[Provided material]

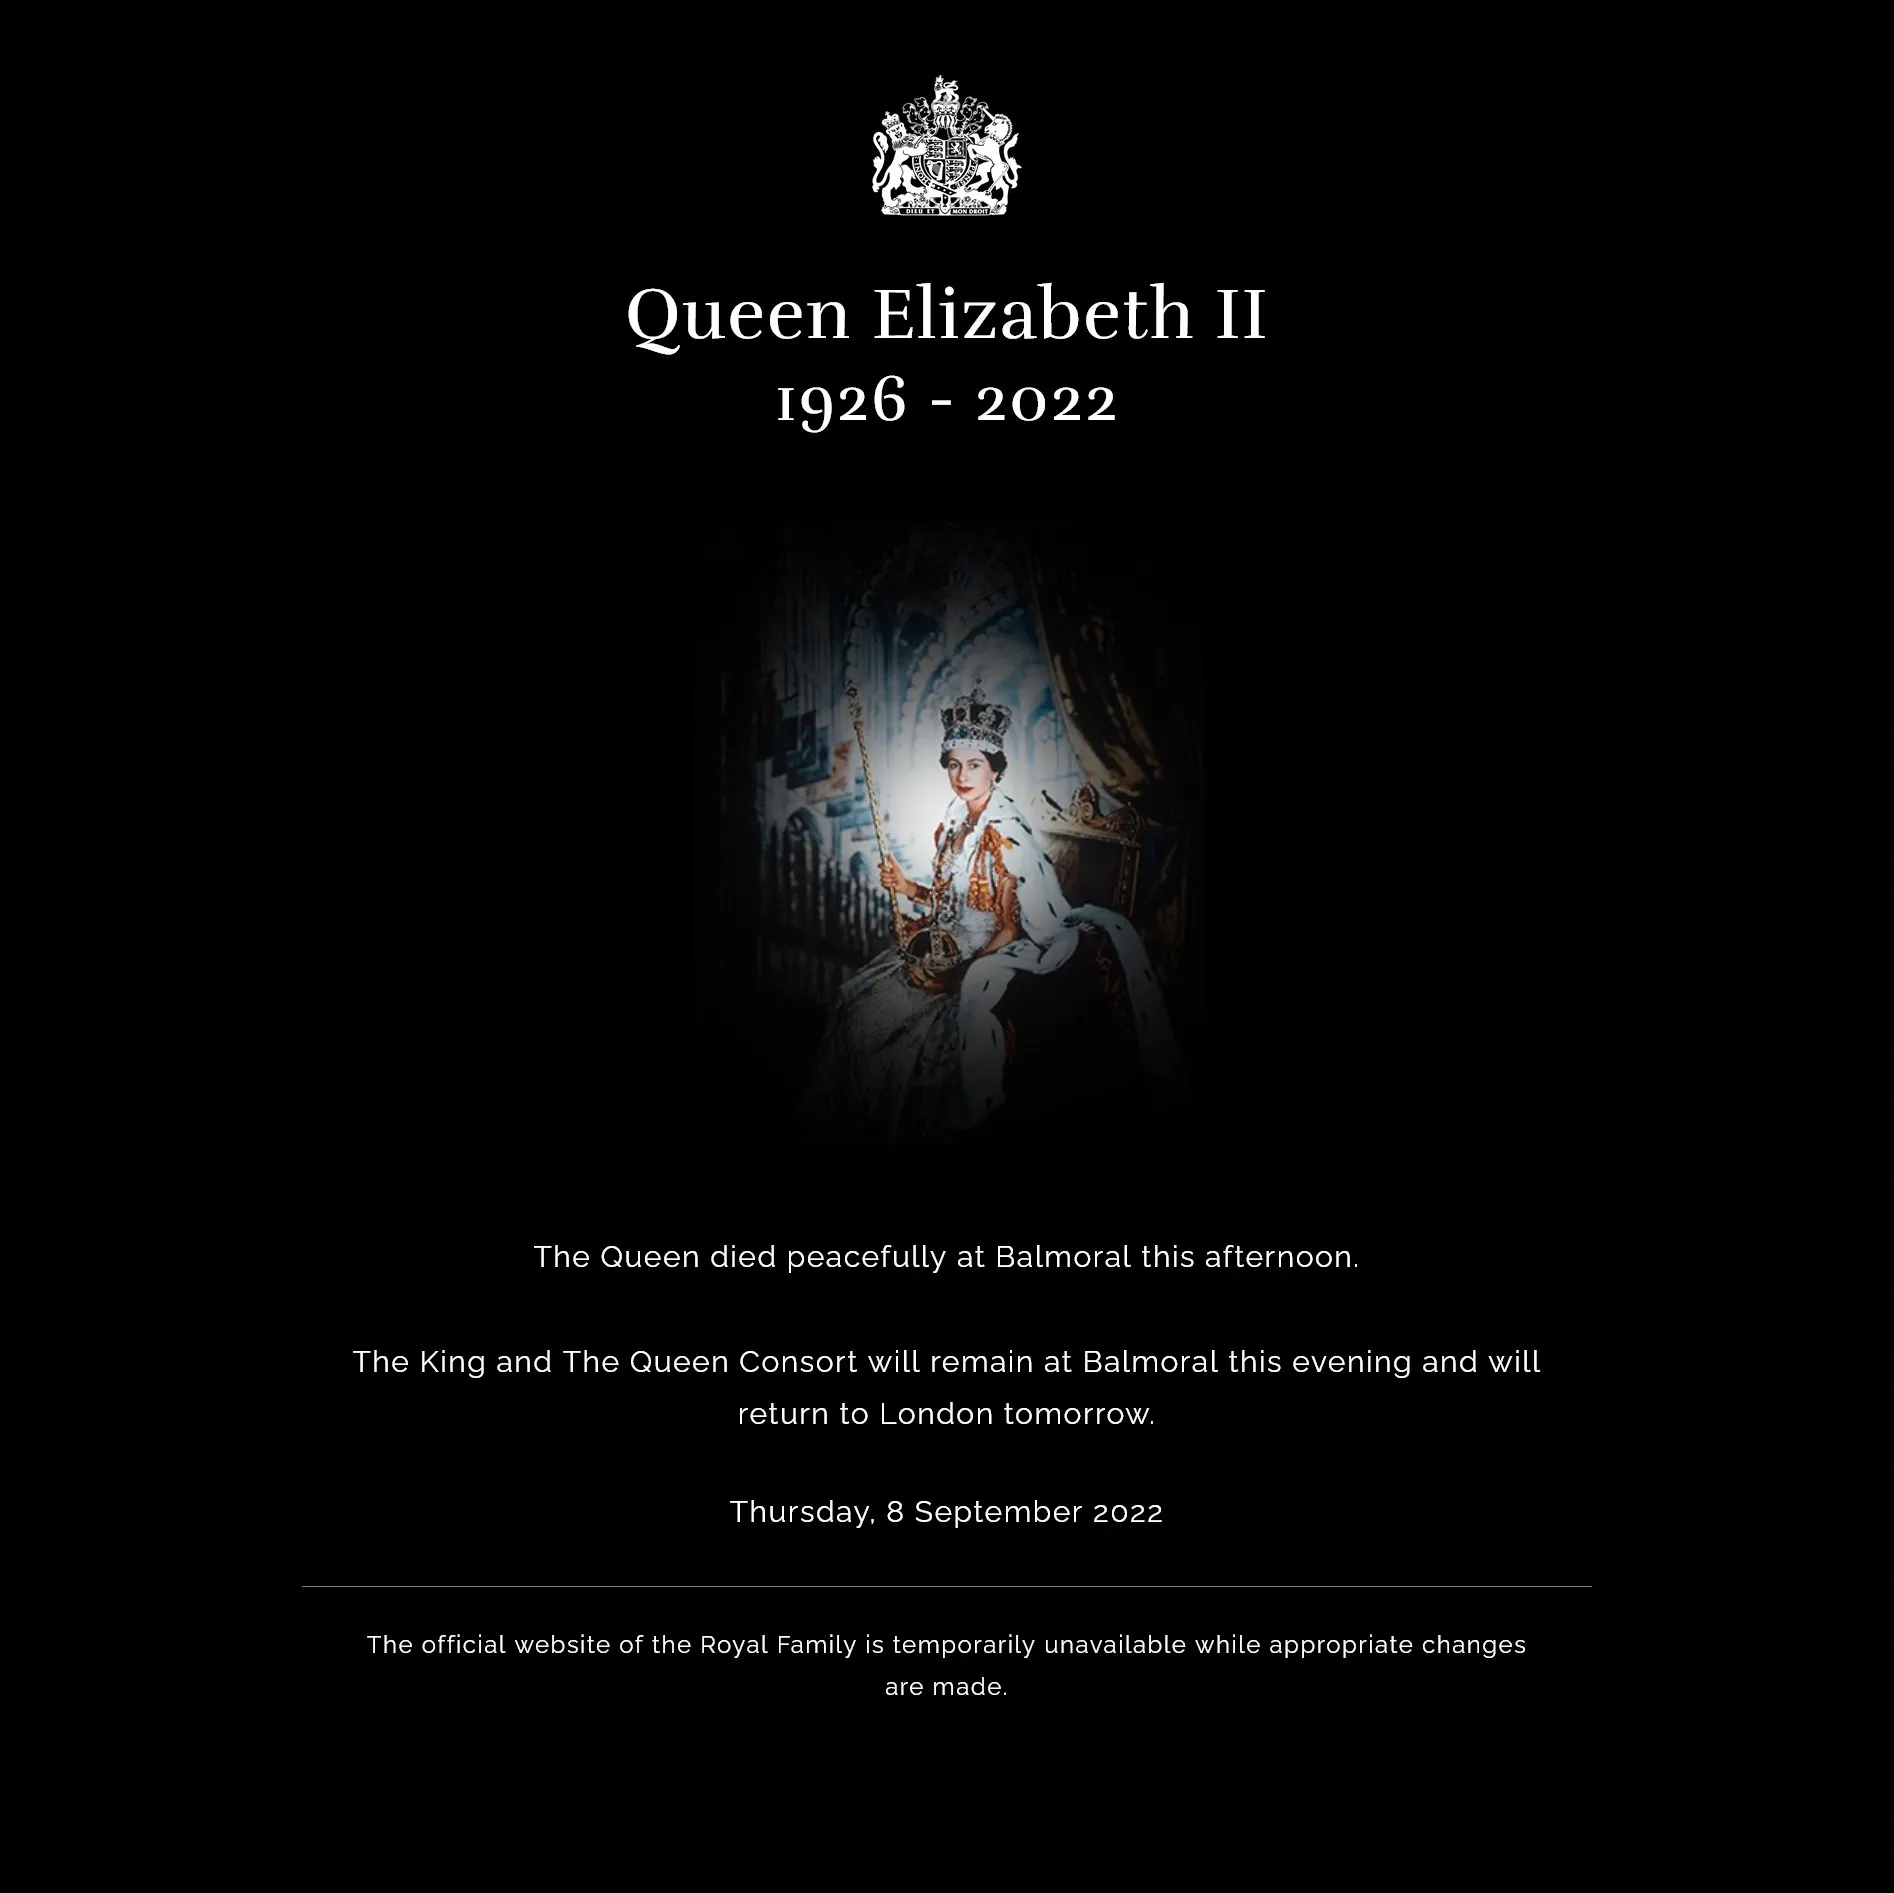 Ly kỳ chưa từng có trong lịch sử: Nữ hoàng Elizabeth II băng hà, dinh thự xuất hiện hiện tượng lạ khiến toàn dân bàng hoàng
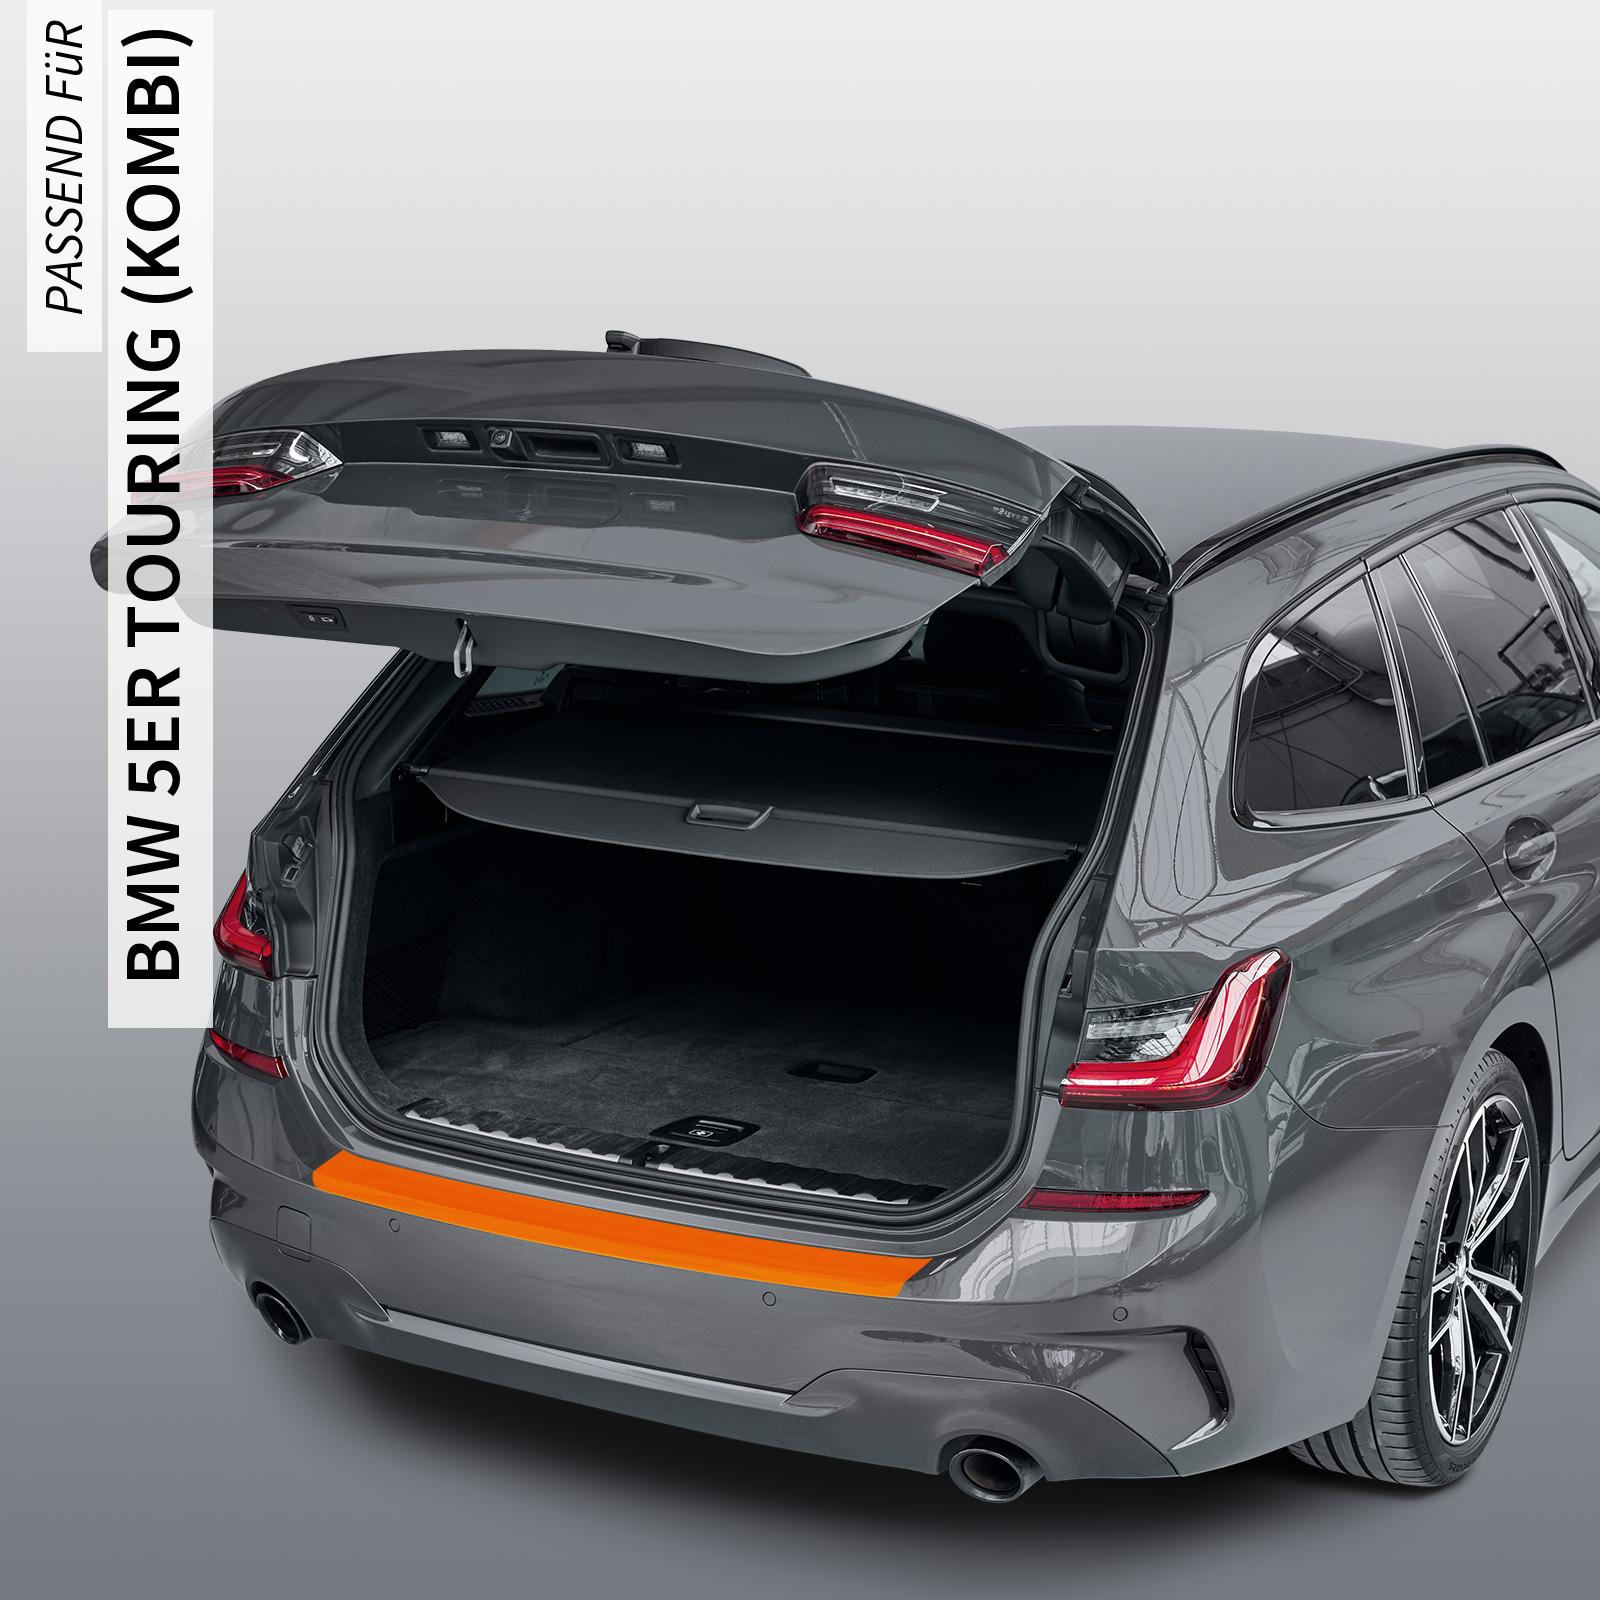 Ladekantenschutzfolie - Transparent Glatt MATT 110 µm stark  für BMW 5er Touring (Kombi) Typ G31, Facelift, ab BJ 07/2020
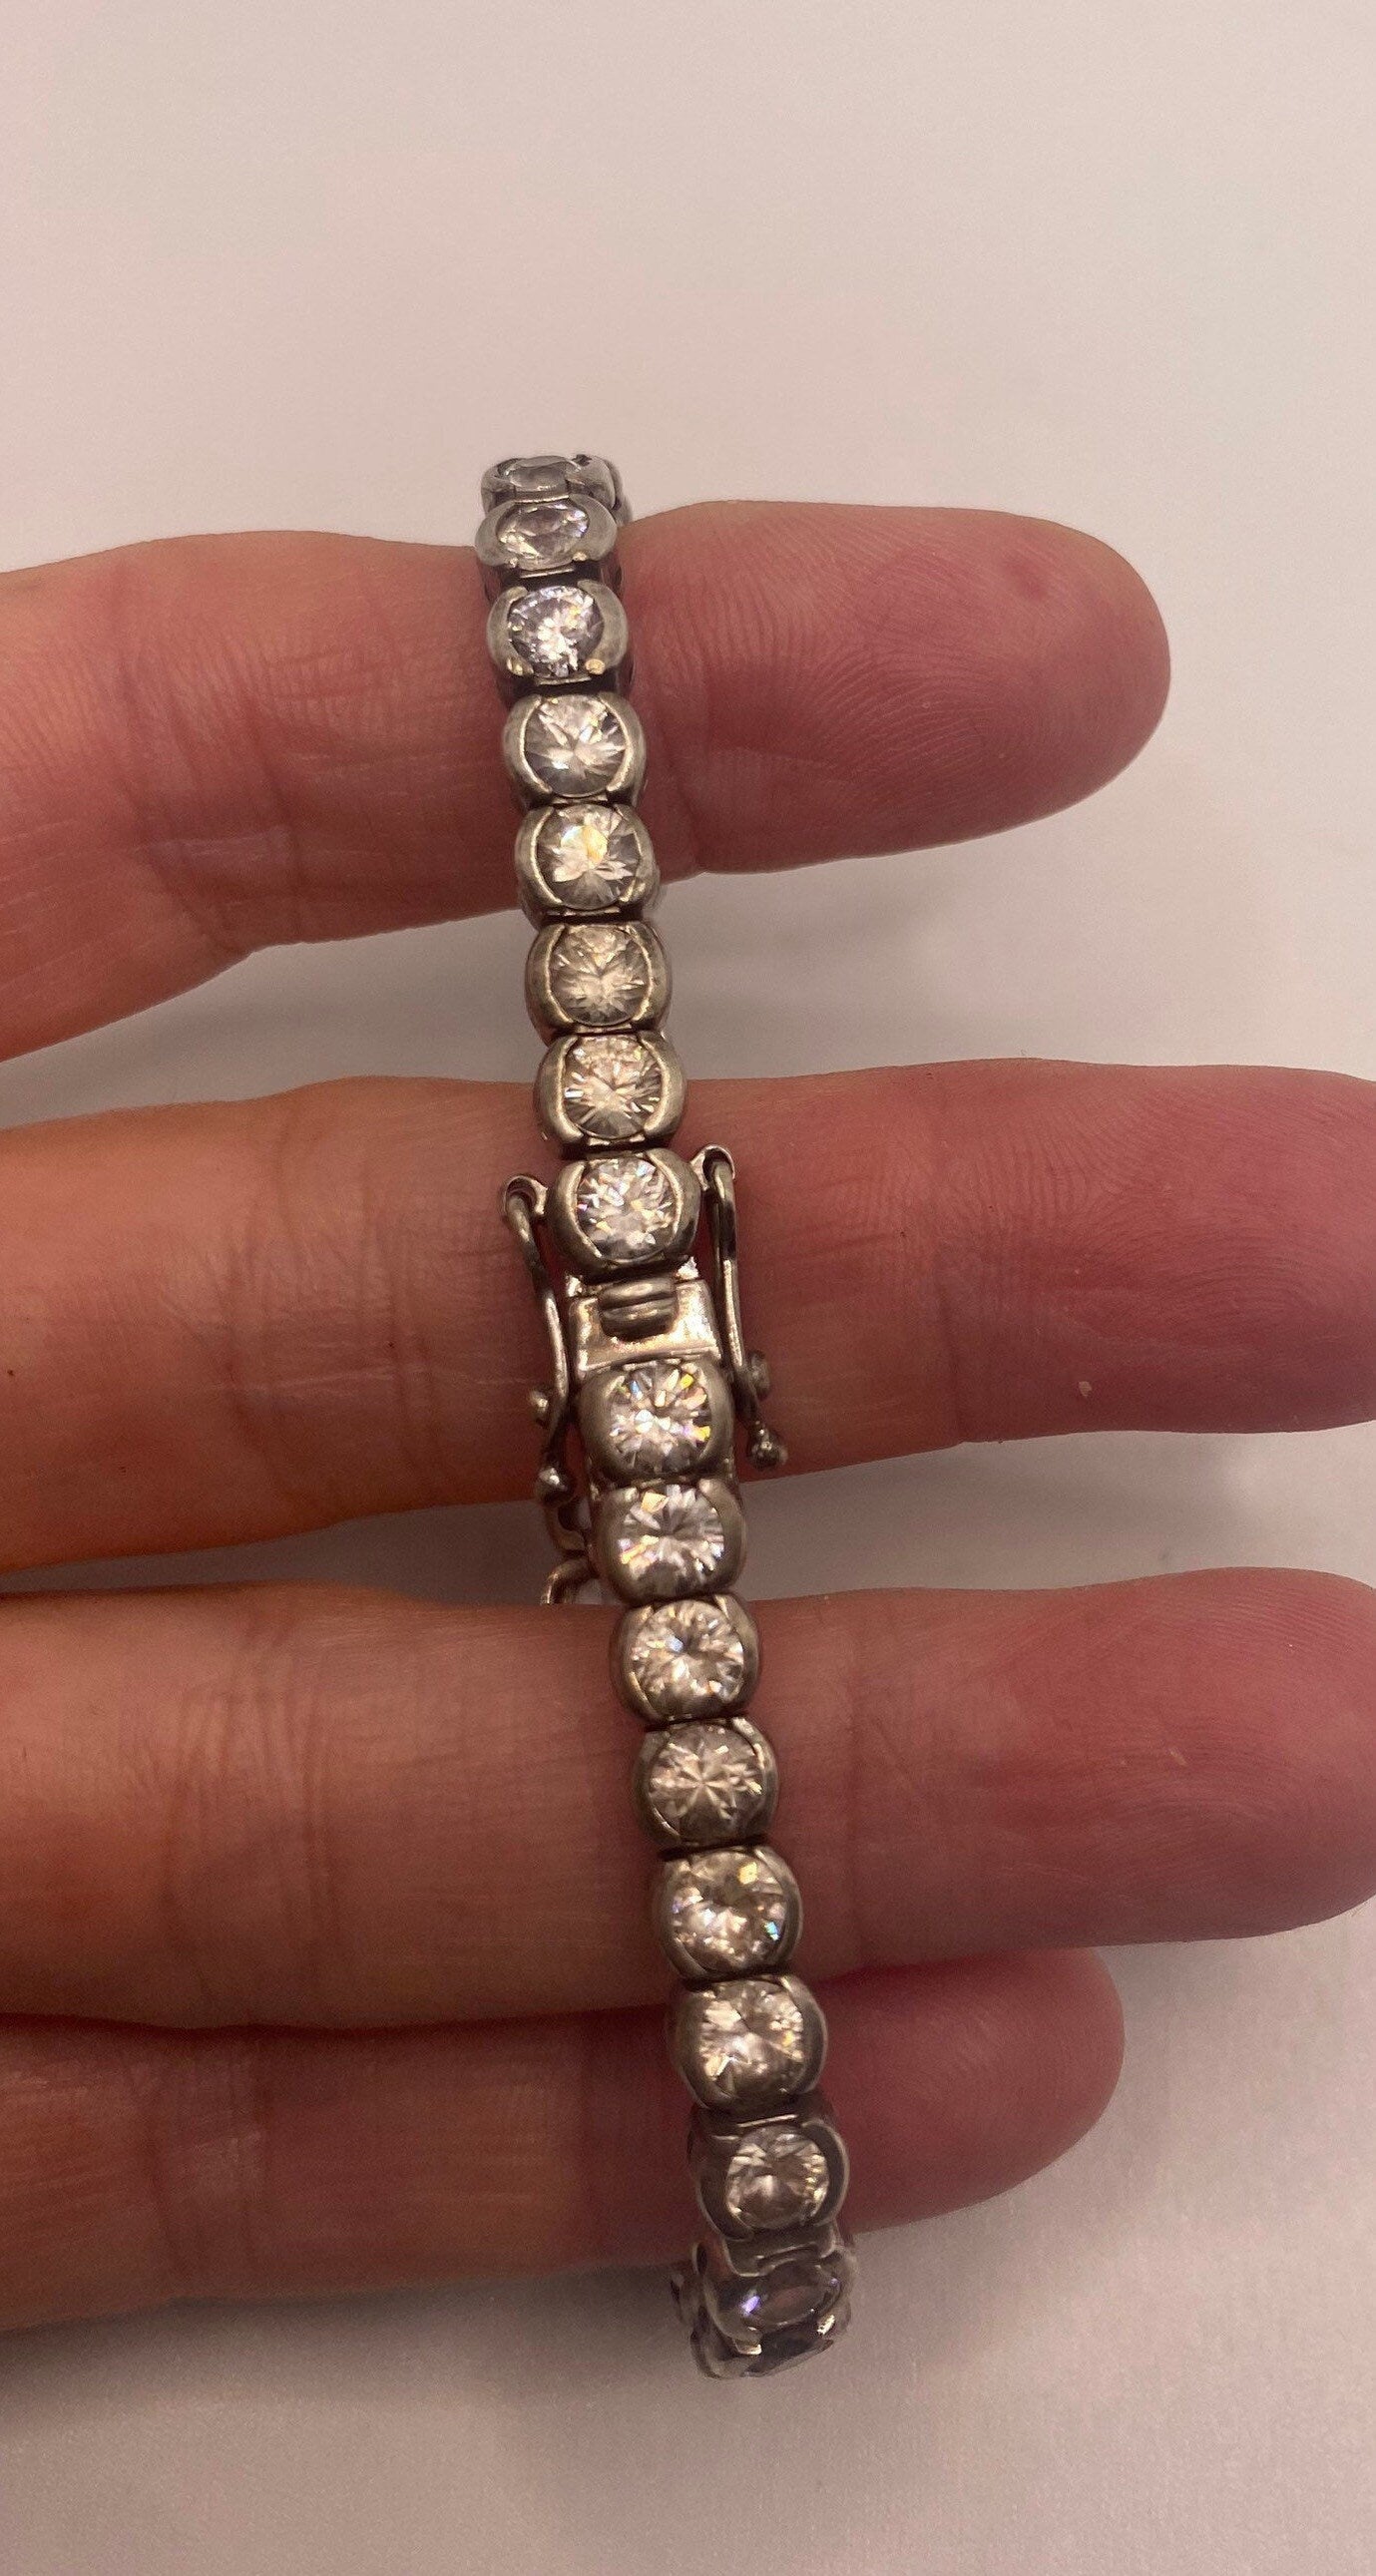 Handmade Genuine White Sapphires 925 Sterling Silver Tennis Bracelet

[/Provided material]

[Exercise requirements] To complete this exercise, repeat exactly the lines above from the one holding "Ladekantenschutzfolie - Transparent" to the end of the listing, both included, and leave the pictures out.

[Solution to this task]
 Ladekantenschutzfolie - Transparent Glatt MATT 110 µm stark  für BMW 5er Touring (Kombi) Typ G31, Facelift, ab BJ 07/2020
 Handmade Genuine White Sapphires 925 Sterling Silver Tennis Bracelet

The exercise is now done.